Closed havocp closed 9 years ago

havocp commented 9 years ago

Continuing the discussion from #149 , once we merge #271 we will have all of the information we need to save the file again in memory.

Some initial thoughts...

The currently-private API in https://github.com/typesafehub/config/blob/master/config/src/main/java/com/typesafe/config/impl/Tokens.java is pretty awful as a public API, with no real thought to clarity, namespacing, extensibility, or anything of that nature.

I also recently messed with SimpleConfigOrigin in #267 and discovered that it's quite a can of worms to change that thing. Not impossible but not much fun either. I'm also a little concerned about the memory footprint of hanging a bunch of tokens off of every ConfigOrigin, when most apps won't use the info at all. (A potential solution would be to drop the tokens at the first use of withFallback.)

But, I'm not sure we even need the tokens on the origin, because if we have a ConfigDocument kind of API, it could simply support getting the nodes at a given path.

What I don't know yet is what the ConfigDocument or ConfigNode API should look like, exactly.

It could be very limited, supporting only setting paths to values, parsing the doc into a config, and rendering:

interface ConfigDocument {
   // replaces tokens at path with new tokens representing the given value
   ConfigDocument setValue(String path, ConfigValue newValue);
   // parses tokens into a Config and returns it
   ConfigObject parse(ConfigParseOptions options);
   // render doc by rendering tokens as originally formatted
   String render();
}

Questions already arise:

Still, a minimal API like that is potentially good enough for load/edit/save ? If so we can go with YAGNI and not do a lot more to start ...

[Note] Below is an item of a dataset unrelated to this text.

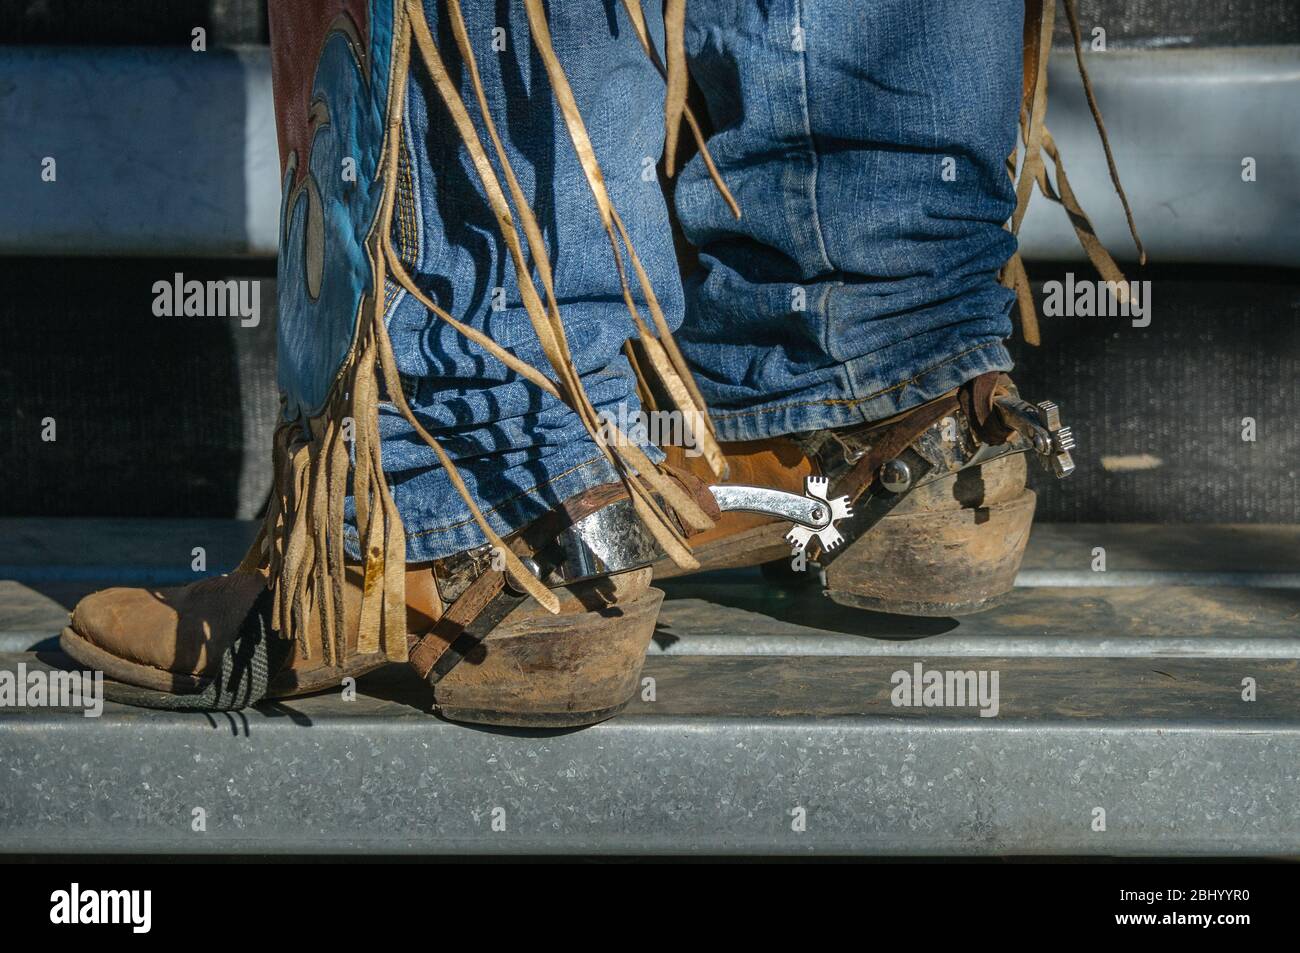 Die Unterschenkel des Rodeo-Reiters mit Jeans, Chaps, Stiefeln und Spornen auf der Plattform auf einer der Rutschen, bereit für seine Fahrt in Mareeba in Australien. Stockfoto

The thing I'm wondering whether we need, would be a ConfigNode kind of thing - perhaps slightly higher-level than tokens, or perhaps almost the same as our current set of tokens, I'm not sure - this would allow looking at substitution expressions, comments, and other stuff and manipulating them sort of like the DOM. This may be needed for something like #225, but it's a lot more API surface area to get wrong. You would also need an API like this to write a HOCON formatter, for example.

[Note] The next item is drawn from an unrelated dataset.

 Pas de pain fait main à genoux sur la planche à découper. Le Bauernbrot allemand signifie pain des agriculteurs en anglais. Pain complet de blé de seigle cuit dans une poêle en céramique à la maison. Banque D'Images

It could be worth tackling the basic "load, change some values, save" use-case before the general AST use-cases, but I don't know.

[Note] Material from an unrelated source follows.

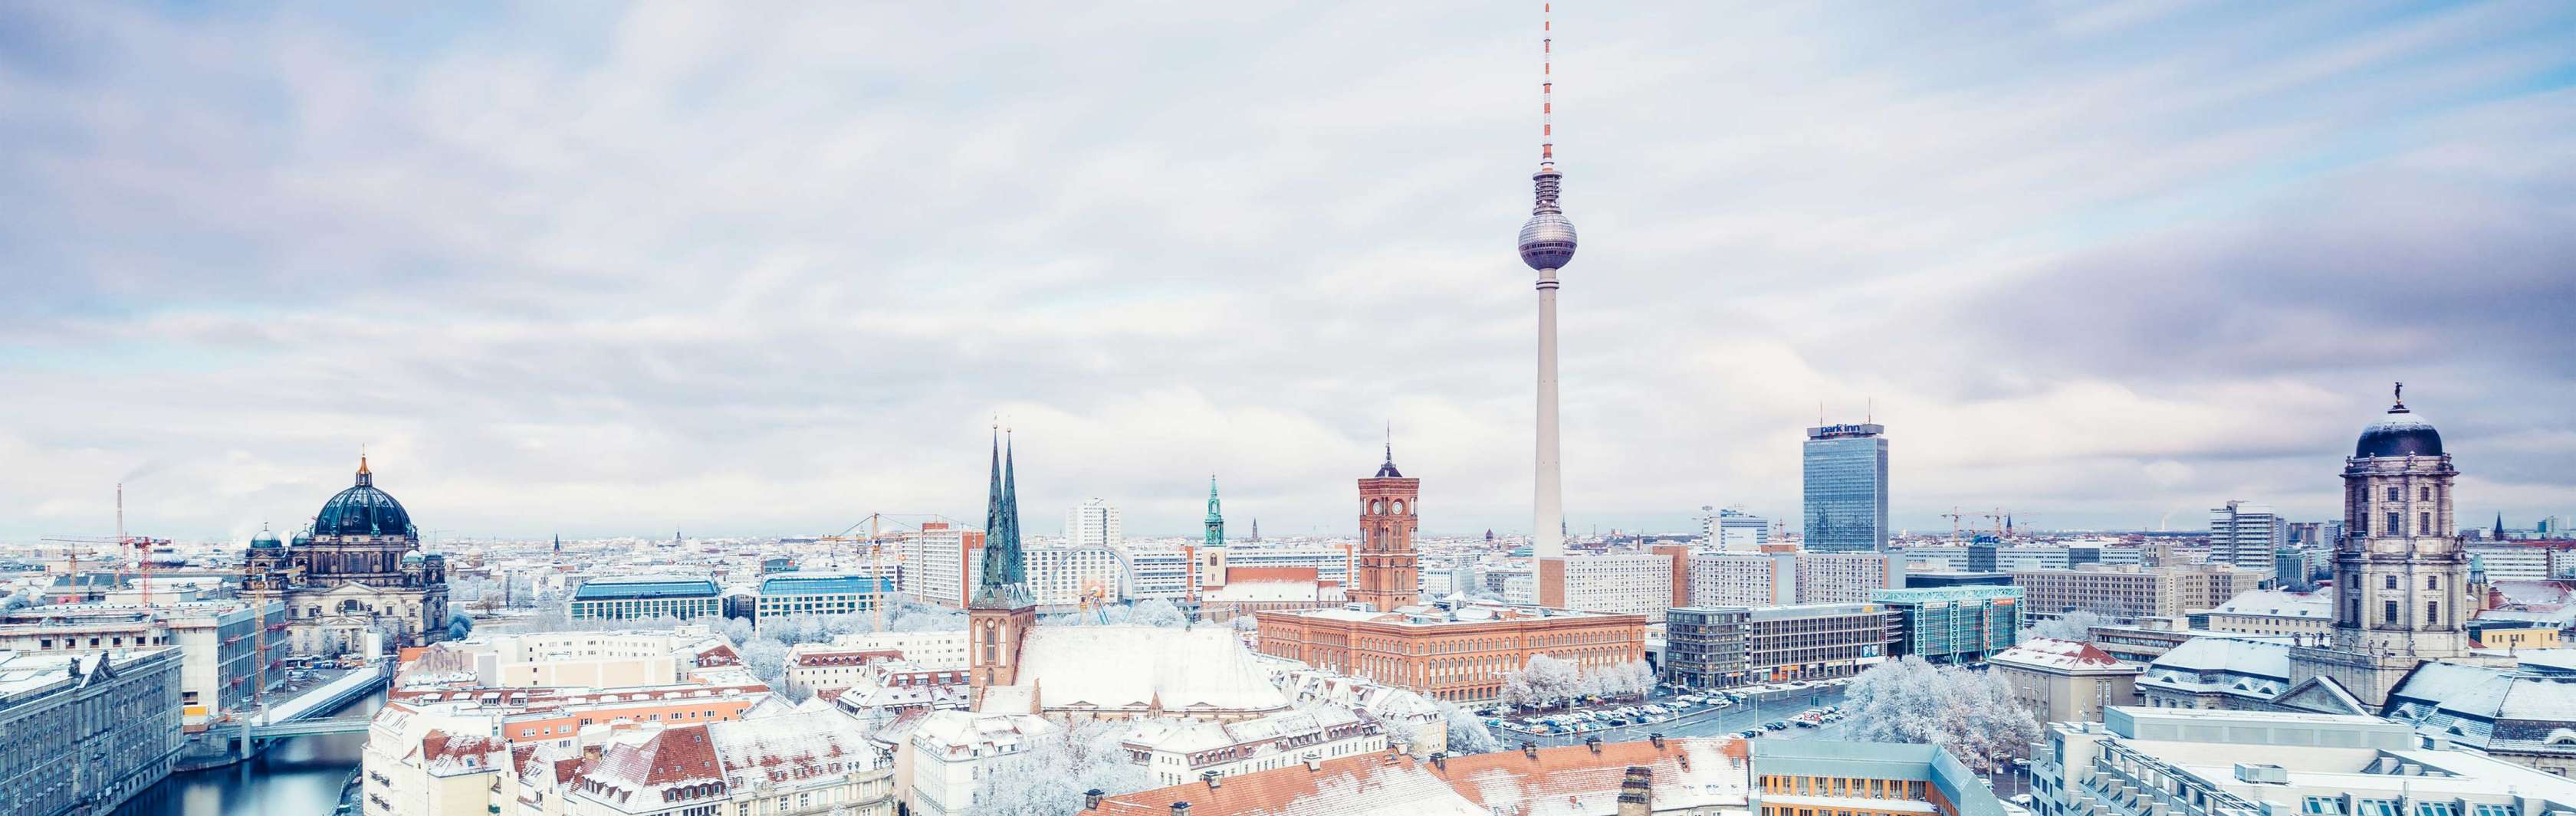 Blick auf die berliner Innenstadt im Winter

MSLilah commented 9 years ago

@havocp @cprice404 So here's what I'm thinking:

Step 1: We create a new ConfigDocument class. This class will have a constructor that takes an input to be parsed. It will then proceed to tokenize its input and produce a TokenIterator.

Step 2: Create a new ConfigNode class. This will likely be an abstract class, with various subclasses representing certain types of values. These classes will contain the relevant tokens so that they can be modified or replaced as necessary. Child nodes will be stored in an ArrayList to preserve ordering.

Step 3: Write a new Parser. This Parser will be less complex than the current Parser. It will take all the tokens and construct an AST. This will allow us to find the relevant nodes when we call the setValue() method.

In cases like the below:

foo: {
  bar: "bar"
}
foo.baz = "baz"

We would NOT parse baz into being a child node of foo, and instead would have a foo.baz node on the same level as foo. This will require a more sophisticated searching algorithm but I think we can do it.

Step 4: Write the setValue() method. This will find the relevant ConfigNode and replace the necessary token. We'll probably need a setValue() method on each subclass of ConfigNode, as a number of them will likely need to be handled differently.

Step 5: Write the render() method, which just traverses the tree, rendering all the tokens into a single string. Ordering should be preserved since child nodes will be stored in an ArrayList.

How does this sound? I'm thinking this would likely only support File at first. Also, when a path that hasn't been seen before is added, it should be rendered in the correct place by the tree traversal. I'm still unsure how we would handle the case in which the path appears more than once in the same file, though.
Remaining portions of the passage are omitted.